> _What the exercise asks_
Only the lines from the one containing "Skip S Bearly" through the final line below belong in the output, copied exactly and without pictures.

> _Dataset excerpt_
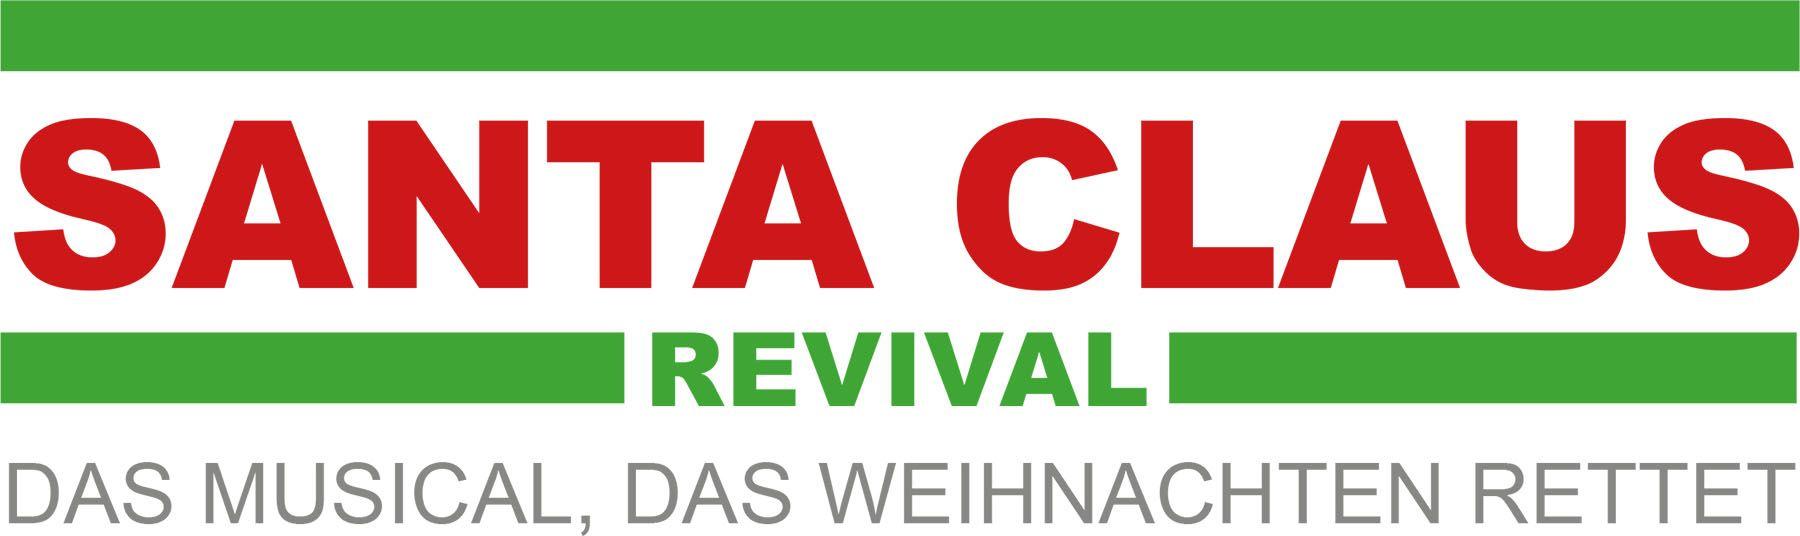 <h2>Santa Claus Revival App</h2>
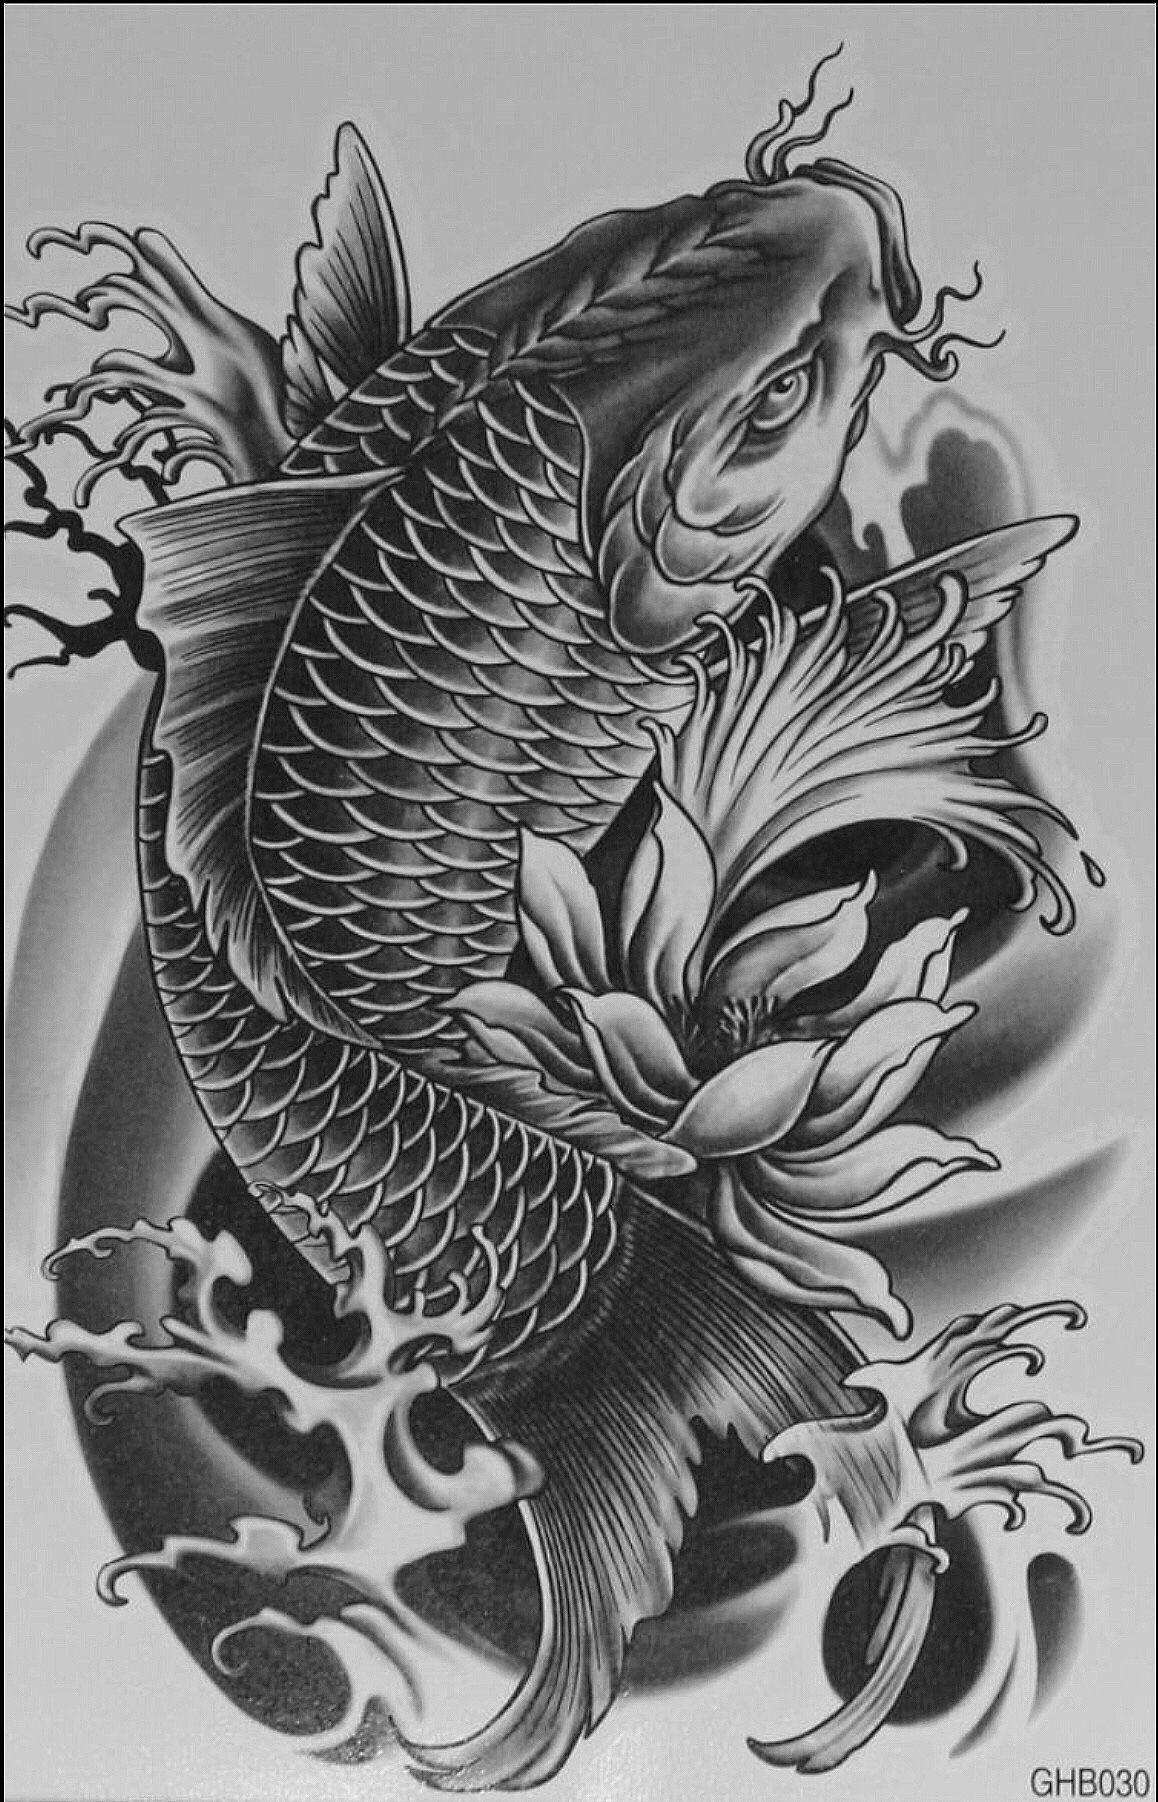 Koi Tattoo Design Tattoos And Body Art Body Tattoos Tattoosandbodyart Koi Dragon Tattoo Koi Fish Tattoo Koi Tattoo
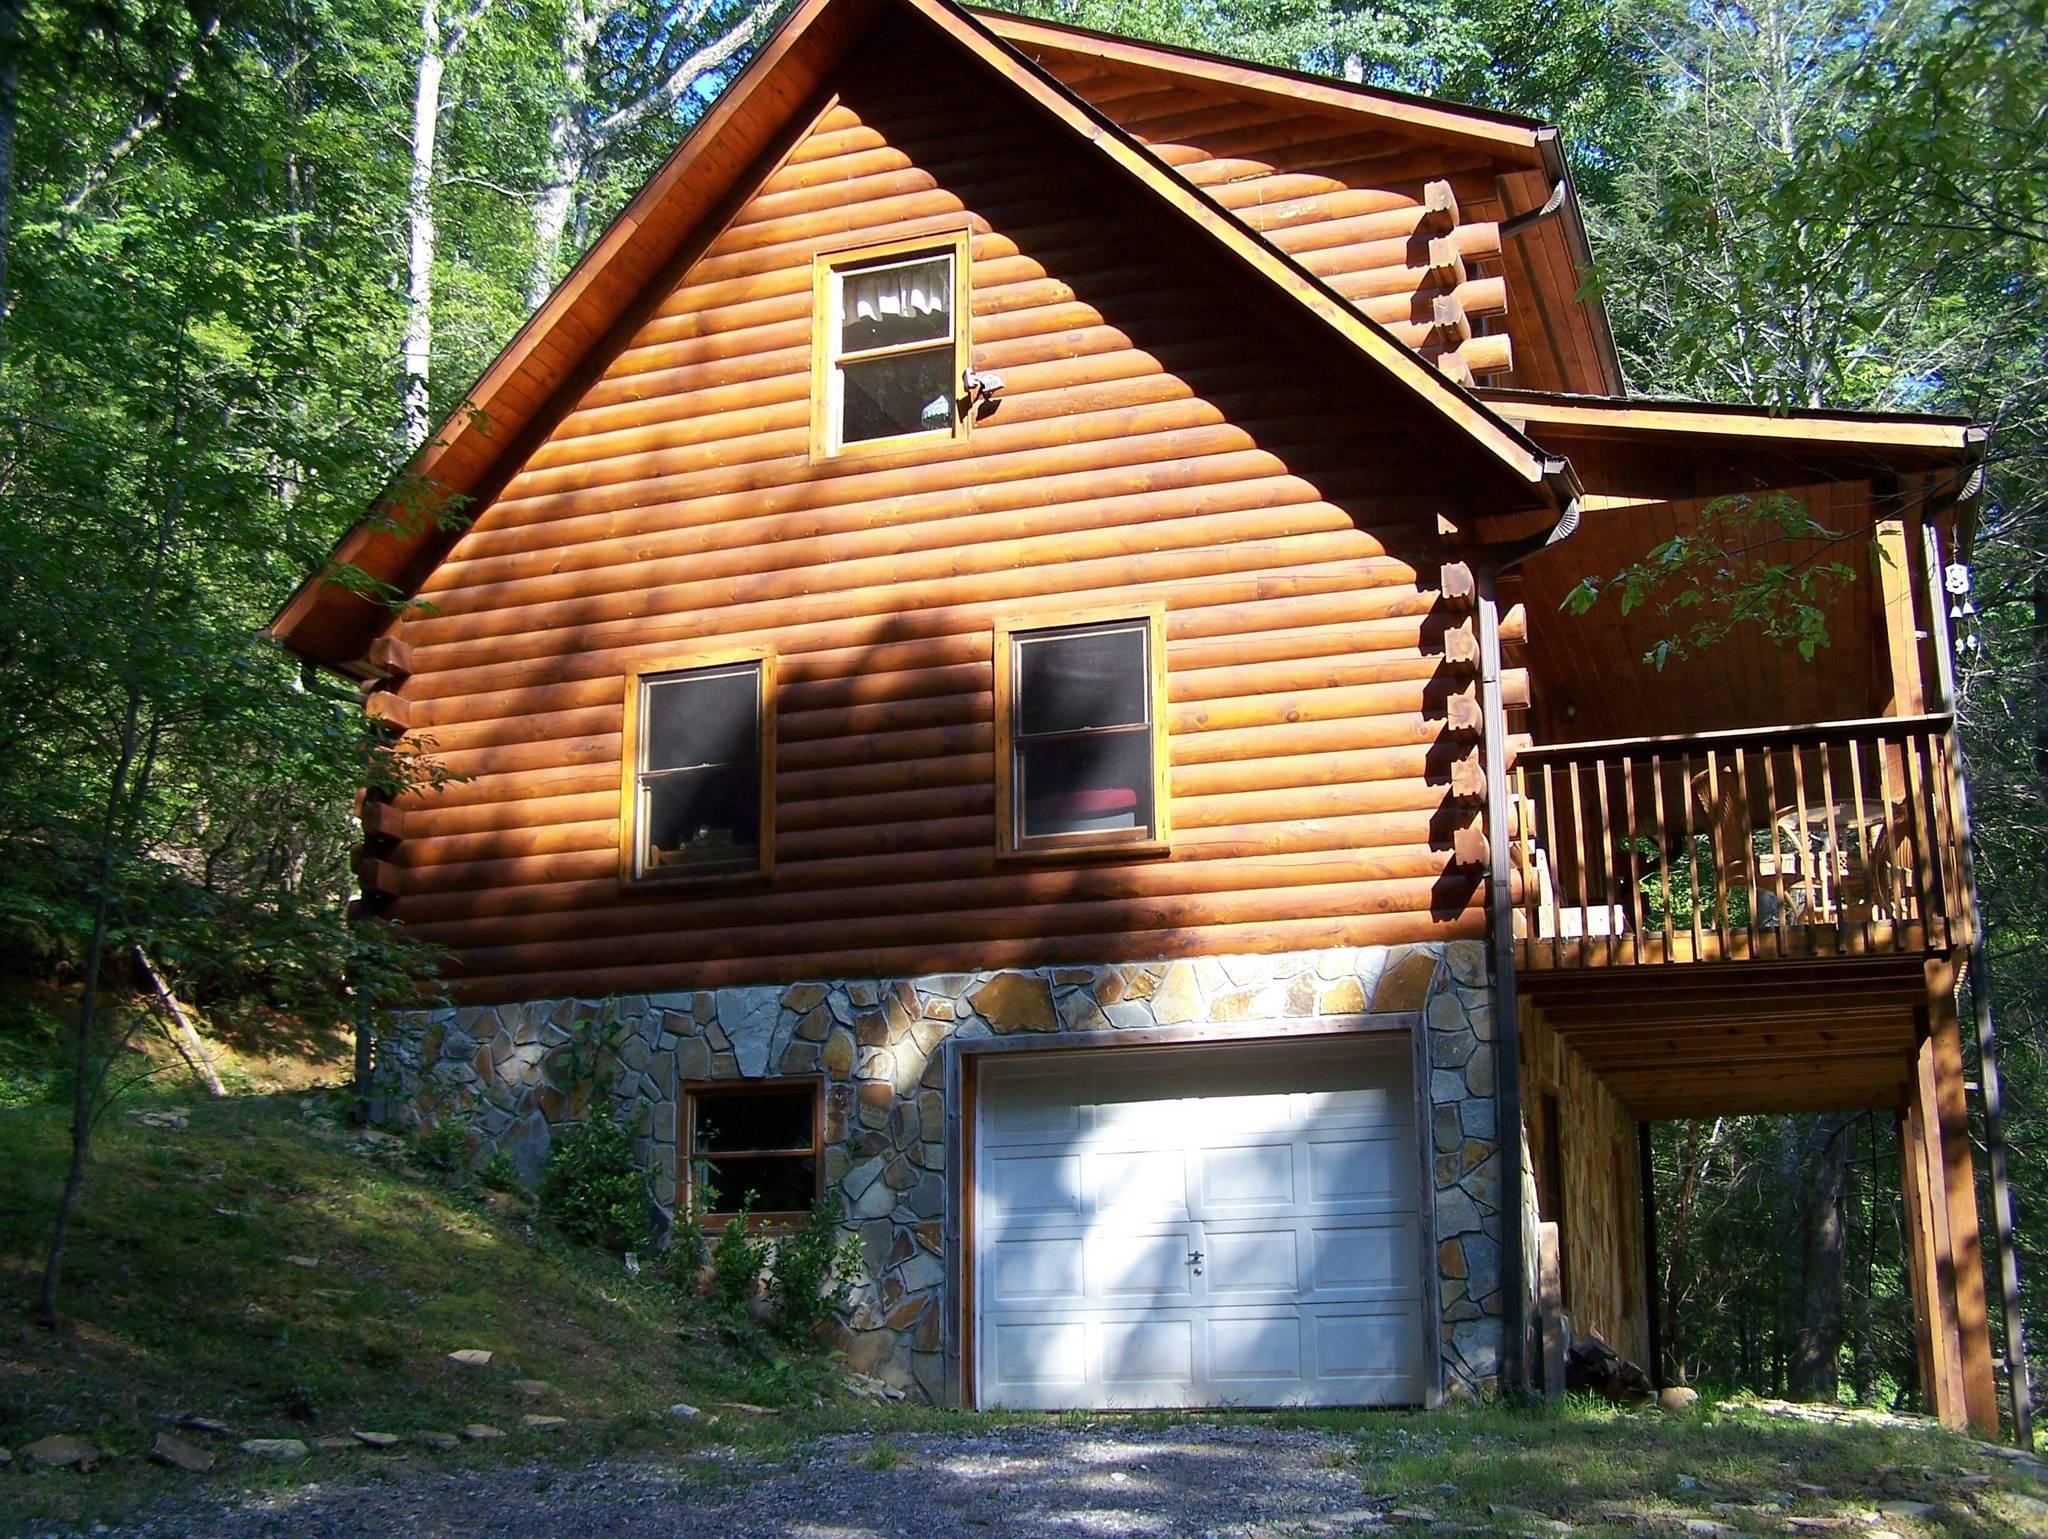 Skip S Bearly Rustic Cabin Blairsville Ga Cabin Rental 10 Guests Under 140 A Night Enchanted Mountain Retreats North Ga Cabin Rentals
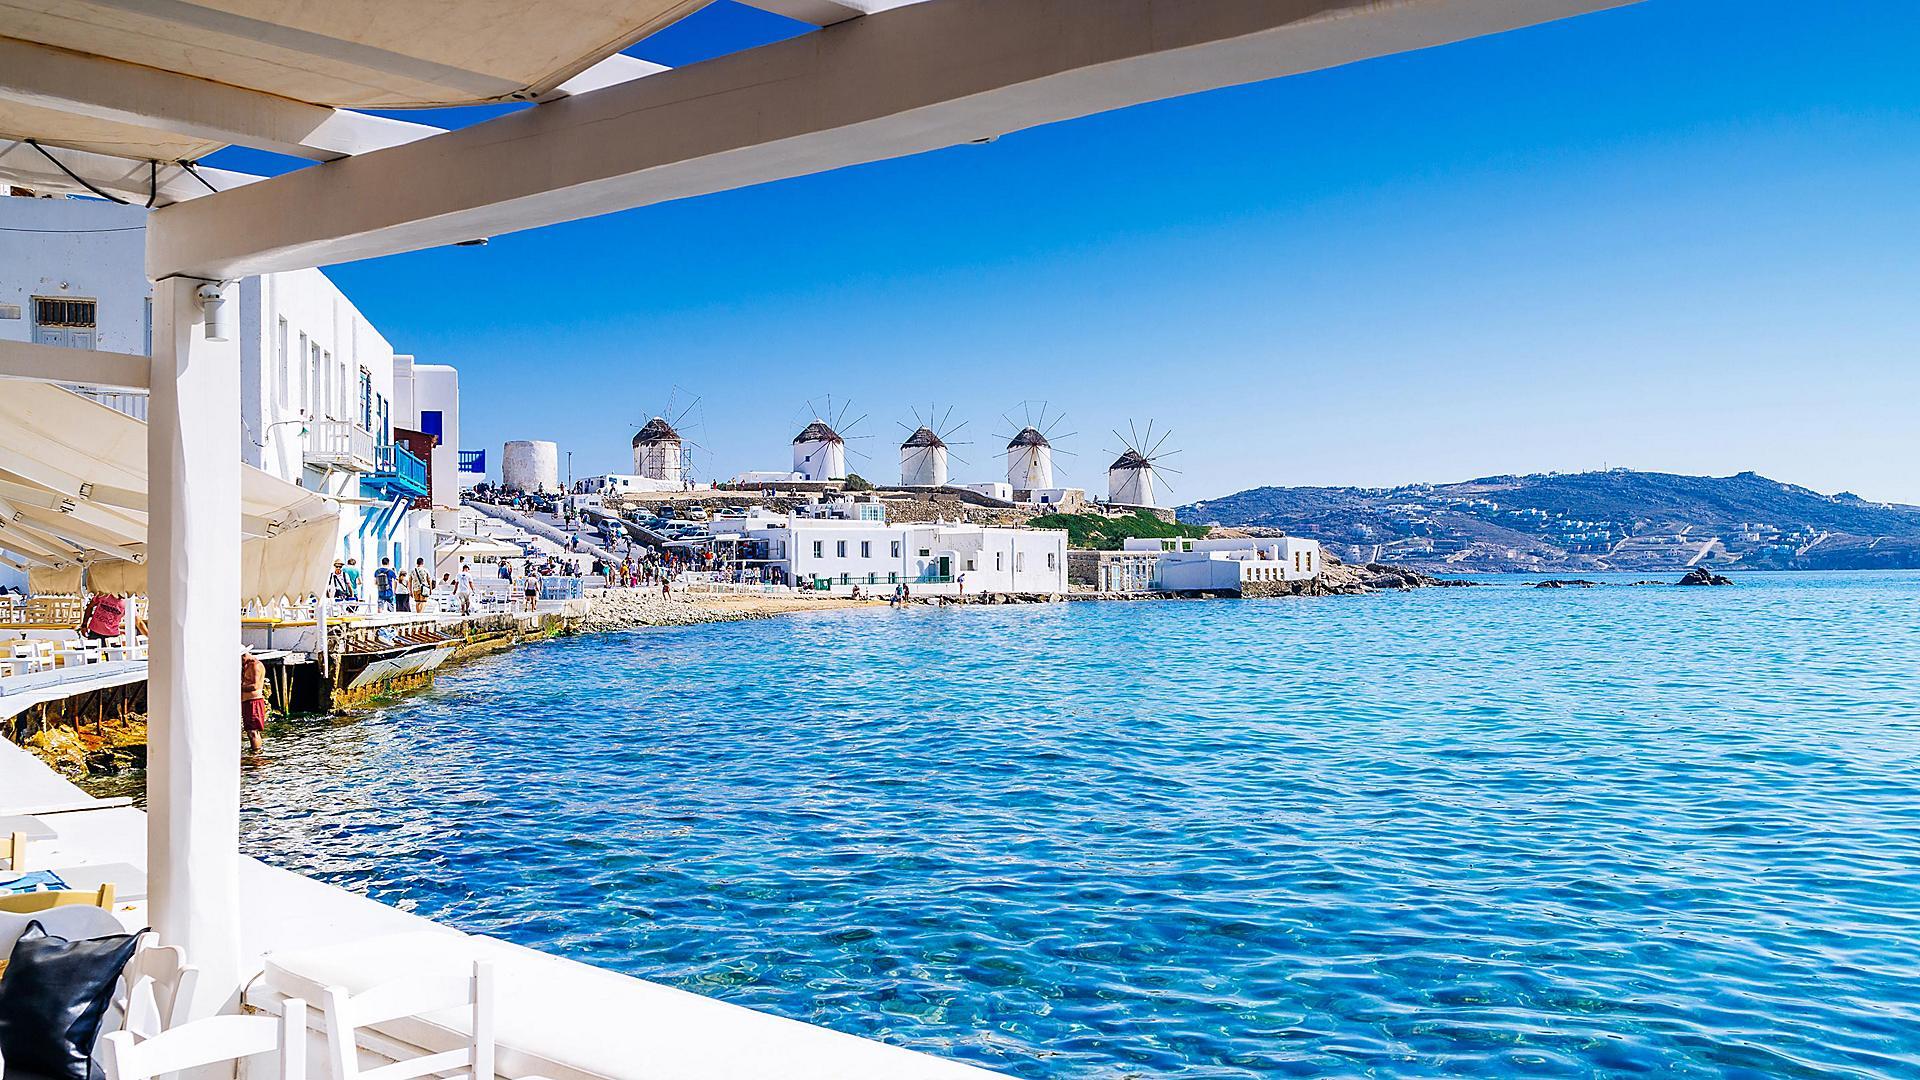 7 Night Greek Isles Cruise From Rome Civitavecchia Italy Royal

> _Exercise response_
 Skip S Bearly Rustic Cabin Blairsville Ga Cabin Rental 10 Guests Under 140 A Night Enchanted Mountain Retreats North Ga Cabin Rentals
 7 Night Greek Isles Cruise From Rome Civitavecchia Italy Royal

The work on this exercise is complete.